REQUIRED WORK: Your answer should be the line containing "Zwei Frauen helfen" and every line after it to the end of the records below, word for word.

(Dataset excerpts)
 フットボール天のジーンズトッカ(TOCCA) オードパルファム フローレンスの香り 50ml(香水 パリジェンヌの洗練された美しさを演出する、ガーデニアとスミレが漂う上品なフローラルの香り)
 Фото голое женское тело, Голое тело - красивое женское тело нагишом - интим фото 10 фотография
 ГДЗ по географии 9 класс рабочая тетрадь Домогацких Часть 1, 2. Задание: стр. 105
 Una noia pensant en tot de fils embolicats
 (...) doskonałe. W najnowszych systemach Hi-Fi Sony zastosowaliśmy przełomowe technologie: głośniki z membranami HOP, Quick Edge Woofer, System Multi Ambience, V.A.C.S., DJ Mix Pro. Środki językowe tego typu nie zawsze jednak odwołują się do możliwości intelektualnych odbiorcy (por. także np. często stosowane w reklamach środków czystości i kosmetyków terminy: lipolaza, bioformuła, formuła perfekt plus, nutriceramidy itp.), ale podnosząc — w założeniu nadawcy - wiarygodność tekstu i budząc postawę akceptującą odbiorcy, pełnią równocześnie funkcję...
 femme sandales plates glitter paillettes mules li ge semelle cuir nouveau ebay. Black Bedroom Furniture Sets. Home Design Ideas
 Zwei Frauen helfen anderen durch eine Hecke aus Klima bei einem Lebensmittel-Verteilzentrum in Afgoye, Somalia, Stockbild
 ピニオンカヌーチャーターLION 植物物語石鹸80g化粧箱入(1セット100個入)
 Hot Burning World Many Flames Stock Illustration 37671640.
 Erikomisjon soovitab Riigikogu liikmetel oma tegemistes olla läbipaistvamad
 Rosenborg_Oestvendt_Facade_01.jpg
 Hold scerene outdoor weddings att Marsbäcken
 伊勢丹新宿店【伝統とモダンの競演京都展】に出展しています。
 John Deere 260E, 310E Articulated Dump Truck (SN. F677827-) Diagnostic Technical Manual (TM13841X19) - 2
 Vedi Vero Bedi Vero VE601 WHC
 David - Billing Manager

ANSWER TO THIS EXERCISE:
 Zwei Frauen helfen anderen durch eine Hecke aus Klima bei einem Lebensmittel-Verteilzentrum in Afgoye, Somalia, Stockbild
 ピニオンカヌーチャーターLION 植物物語石鹸80g化粧箱入(1セット100個入)
 Hot Burning World Many Flames Stock Illustration 37671640.
 Erikomisjon soovitab Riigikogu liikmetel oma tegemistes olla läbipaistvamad
 Rosenborg_Oestvendt_Facade_01.jpg
 Hold scerene outdoor weddings att Marsbäcken
 伊勢丹新宿店【伝統とモダンの競演京都展】に出展しています。
 John Deere 260E, 310E Articulated Dump Truck (SN. F677827-) Diagnostic Technical Manual (TM13841X19) - 2
 Vedi Vero Bedi Vero VE601 WHC
 David - Billing Manager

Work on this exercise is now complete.